Inclusion of all these items will broaden the tax base, which will reduce rate of GST, which will
further reduce cost of goods and services and thus reduction in final price. Lower Rate shall also leads
to more compliance which will increase government tax collection.
So the scope of the project is to find out the possibilities of inclusion of Food grains, Textiles and
Sugar in GST from economic point of view. The inclusion of the same in GST will be considered as a
viable option only when, due to this there will be a significant increment in the tax base of GST and
further reduction in the rate of GST.
Therefore the scope of the project is to assess the tax base inclusive of Food grains, Textiles and Sugar
as well as computation of Revenue Neutral Rate (RNR) of GST. Since the Empowered Committee has
used the fiscal year 2007-08 as the base year for calculation of the RNR, thus data analysis is done by
using the data of 2007-08 and same methodology is adopted for 2010-11.

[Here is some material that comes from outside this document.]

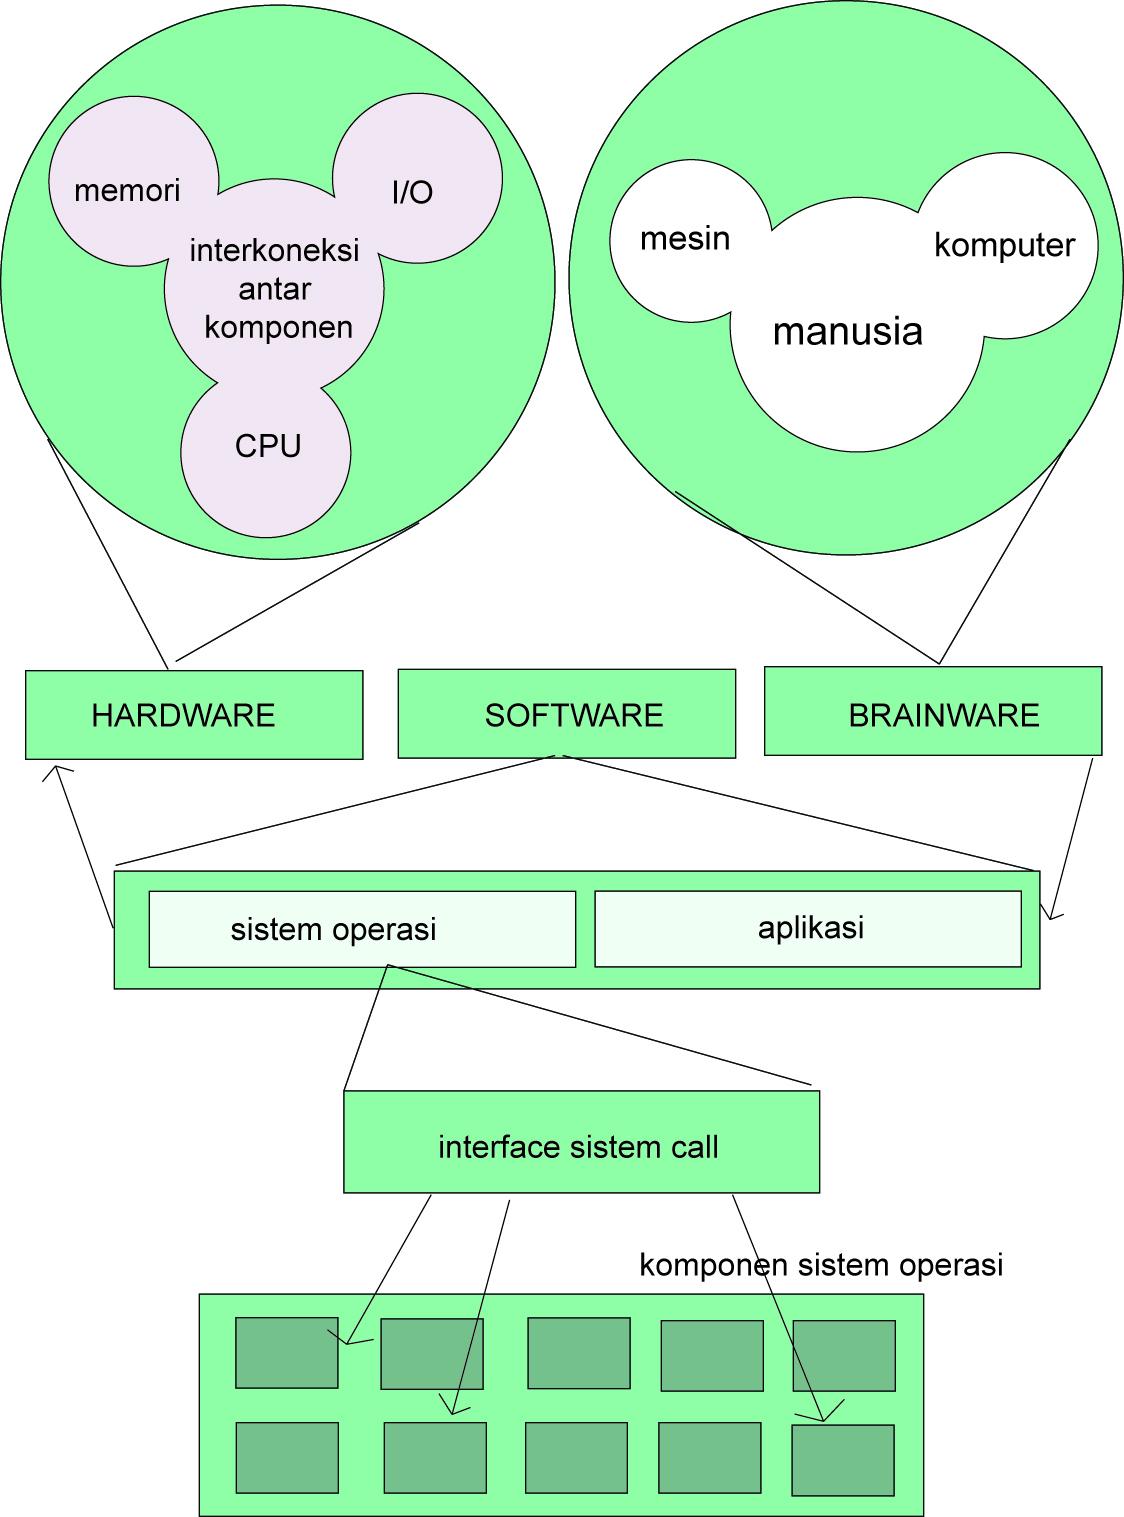 Komponen Utama Sistem Operasi : komponen, utama, sistem, operasi, Skema, Dasar, Sistem, Komputer, Liputanit

As per the Empowered Committee calculations Revenue Neutral Rate as on 2007-08 range from 18%-
20%. However, based on our calculations in 2007-08, if we take account of tax base of food grains at
70% i.e. leaving population under Below poverty line and further leaving 10% population who comes
in the margin of BPL, the tax base will increase by Rs.1,33,101 Crores which will make total tax base
Rs. 19,16,769crores. Due to this the Revenue Neutral GST Rate across goods and services is expected
to be positioned somewhere 16.46% (SGST- 7.68% and CGST-8.78%)

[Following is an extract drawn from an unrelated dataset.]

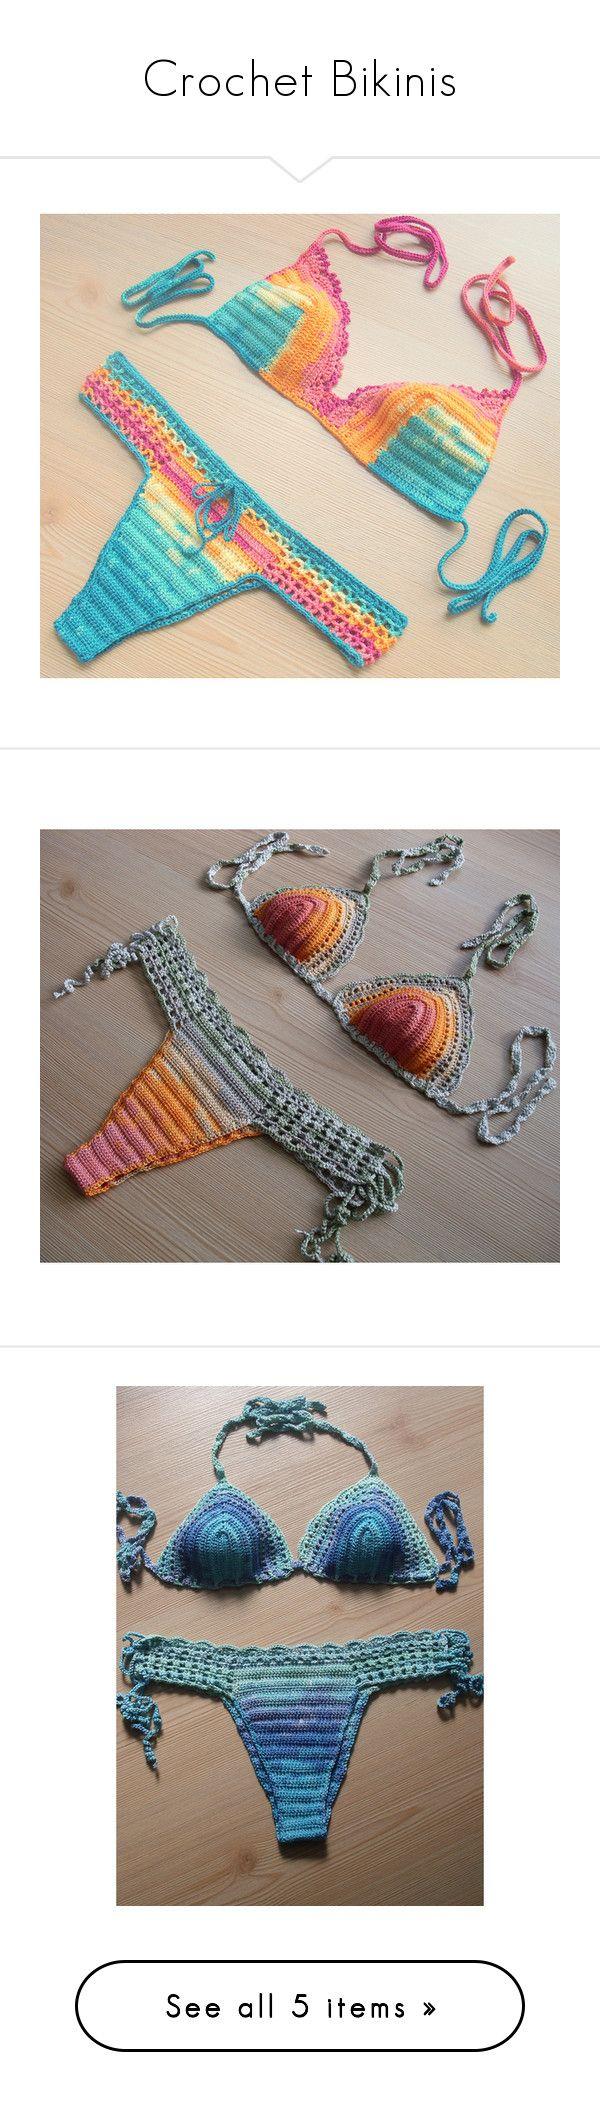 Seed bead ring ideas 5 nationtrendz com -  Crochet Bikinis By Fatma Erkal On Polyvore Featuring Swimwear Bikinis Silver

Now as per the data of year 2010-11, it is observed that there is an increment in the tax base from
Rs.17, 83,647 Crores to Rs. 28, 33,090 Crores. And due to this RNR is expected to be 15.17% where
CGST is 6.85% and SGST is 8.33%.
Now coming to second stage of project i.e. integration of tax base of Sugar and Textiles into GST tax
Base on 2010-11 due to scrapping of Additional Excise Duty on them.
Three alternative scenarios analysis being conducted for the same, we noticed following:
1. Addition of Tax base of Food grains only: RNR of GST is 14.49% where SGST is 7.95% and CGST
is 6.54%.
2. Addition of the Tax Base of Sugar and Textiles only: RNR of GST is 14.43%, where SGST is
7.92% and CGST is 6.51%.
3. Inclusion of Food grains, Sugar and Textile together: RNR of GST is further reduced significantly
by 1.35% i.e. 13.82%, where SGST is 7.58% and CGST is 6.23%
As with another modeling exercise, the results of our study are also subjected certain limitations.
Revenue Neutral Rate can also be calculated through various methods such as input-output method but
for the sake of simplicity and comparative purposes, RNR is calculated with the same and
methodology as adopted by Empowered Committee.